“Filipinos should stop romanticizing poverty and settling for unhealthy foods.”
This was what several social media users discussed after a Twitter user shared a post about supposed tips to save money amid price hikes of basic commodities.
The user was telling local Twitter what the public can eat without using onions, which were last week reported as the “most expensive globally.”
The tweet was accompanied by a photo of two plates—one filled with rice and the other with eggs, fish and meat.
“Dami pwedeng maulam sa murang halaga basta di ka mapili sa pagkain. Pwede mag ulam ng walang sibuyas. Ito suka at bawang lang katerno,” the user said.
“Wag magpanggap at magpilit iangat estado ng buhay. Kung ano kaya yun lang. Importante may makain ka, ke ano pa yan biyaya pa din matatawag,” she added.
This tweet was referencing the recently reported surge in the price of a kilo of red onions.
The Department of Agriculture monitored that a kilo of red onions costs around P280 to P300.
This was way higher than the global average price of the root crop at $1.51 (P85.14), according to the Global Product Prices list.
Calls to stop romanticizing resiliency, settling for less
The tweet in question soon gained traction on Twitter and Facebook.
Several Filipinos called it out as another case of romanticizing Filipino resiliency and poverty.
“This self-limiting attitude is confused with resilience. The old saying, kapag maiksi kumot matutong mamalungtot. I hated it growing up coz you were given many ways to make that blanket longer and thicker,” one Twitter user said.
“Do we not deserve a better life after all the hardships we have done?
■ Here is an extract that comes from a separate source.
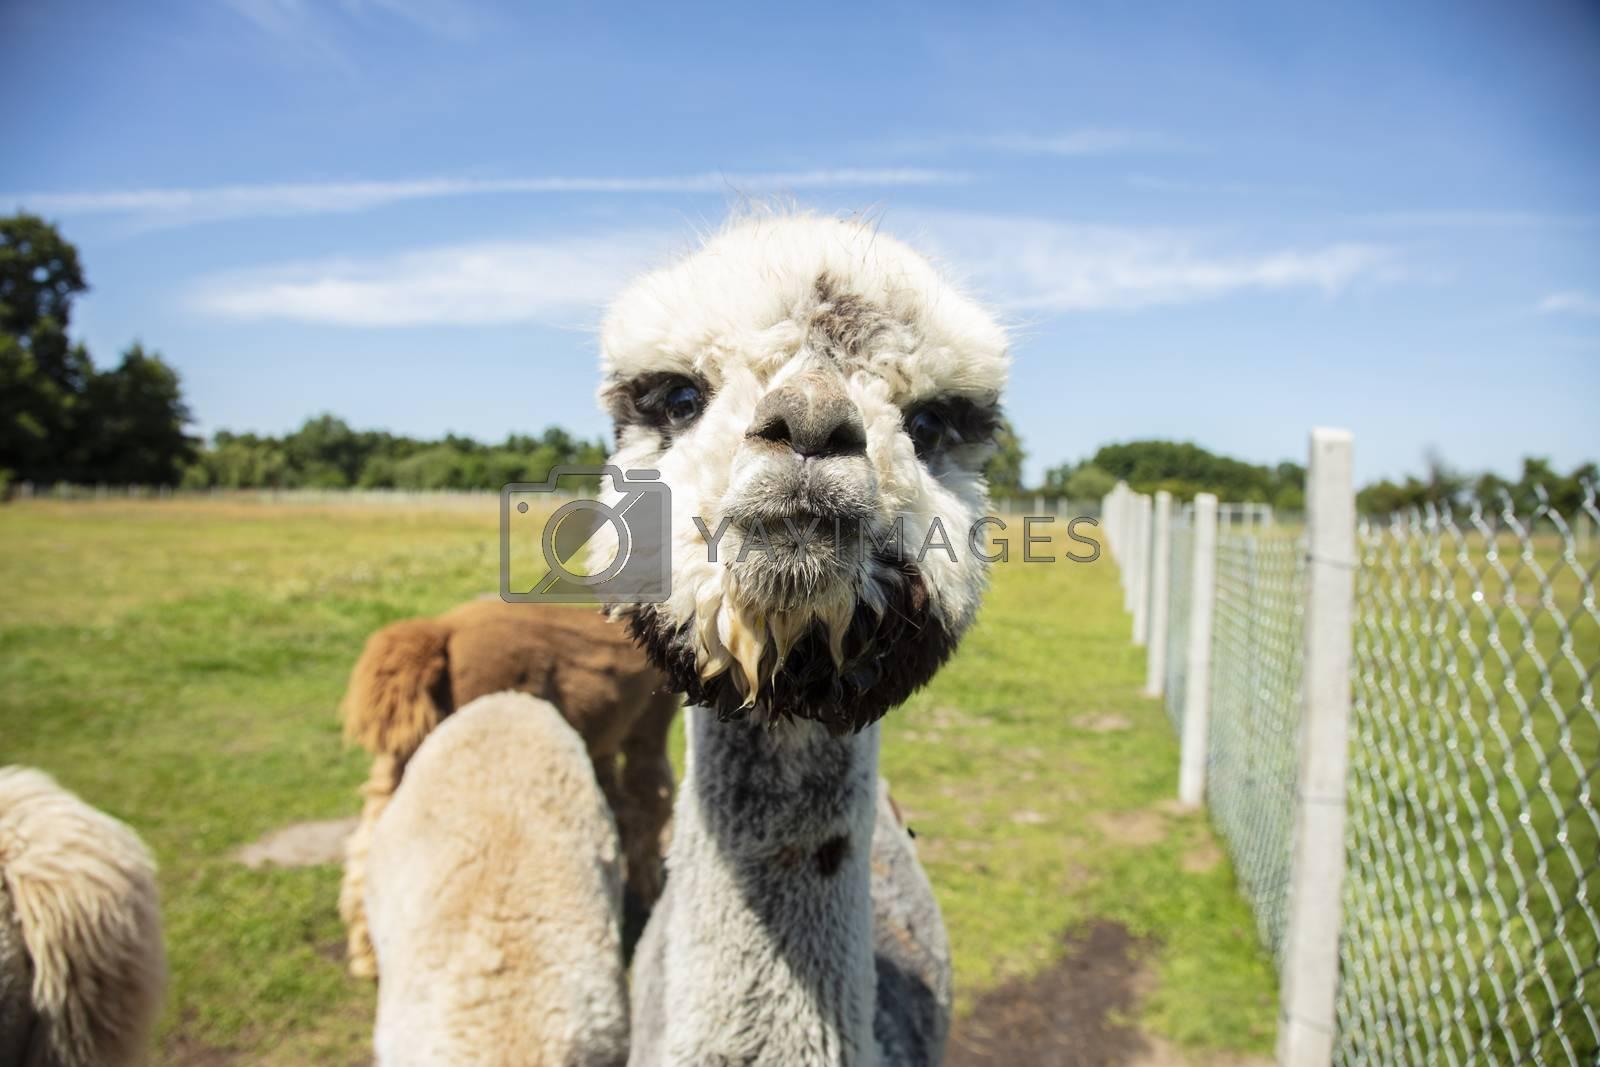 Beautiful South American alpacas in a free range

Also please read the book mare. Lahat ng commodities ng isang simpleng Pilipino nagtaas ng presyo di lang sibuyas,” another user tweeted.
Marketing surveillance analyst John Paul Tanyag sees the tweet as a form of “gaslighting.”
“No wonder gaslighting is the word of the year,” Tanyag said through his handle @dumidyeypee.
Merriam-Webster named “gaslighting” its Word of the Year for 2022.
The word means “the act or practice of grossly misleading someone, especially for one’s own advantage.”
Some Twitter pundits also criticized the user’s implication that Filipinos do not deserve to have better lives.
“Iisa lang talaga ang mensahe ng mga trolls: Di deserve ng Pilipino ang ginhawa. Parang prayleng Espanyol lang noon na nagsasabi na likas na tamad ang Pilipino. Sagot ni Rizal: bakit kikilos ang Pilipino kung tinanggalan siya ng dangal bilang tao,” historian Kristoffer Pasion said.
“Imagine going from ‘babangon muli’ to ‘wag magpanggap at magpilit iangat estado ng buhay’. Even these guys can’t deny na walang umaasenso ngayon lol,” internist Jai Cabajar said.
Science research specialist Ivan Roblas with the handle @pinoyscicommer, meanwhile, tweeted about the food that the Twitter user posted as an example of supposed frugal living.
“Alam nyo ba na sa pag-aaral ng DOST FNRI, dapat ay 1/6 lamang ang Grow foods o pagkaing mayaman sa protina,” Roblas wrote.
He also attached a link to the Pinggang Pinoy food guide.
This guide was developed by the Department of Science and Technology-Food and Nutrition Research Institute (DOST-FNRI).
According to this guide, a healthy plate comprises the following:
- Glow foods – fruits and vegetables that form half of the plate
- Grow foods – meat, eggs, poultry, fish, beans and legumes that form one-sixth of the plate
- Go foods – Rice, corn, bread, oatmeal, bread and root crops that fill one-third of the plate
Price hikes, shortages
Since last August, reports of shortages and price hikes of garlic, onion and other basic commodities have caused deep concern among Filipinos, especially those who are still reeling from the financial impact of the COVID-19 pandemic.
Last November, the Department of Trade and Industry logged price hikes of common Noche Buena items.
These items include keso de bola, pasta, spaghetti sauce, tomato sauce and all-purpose cream.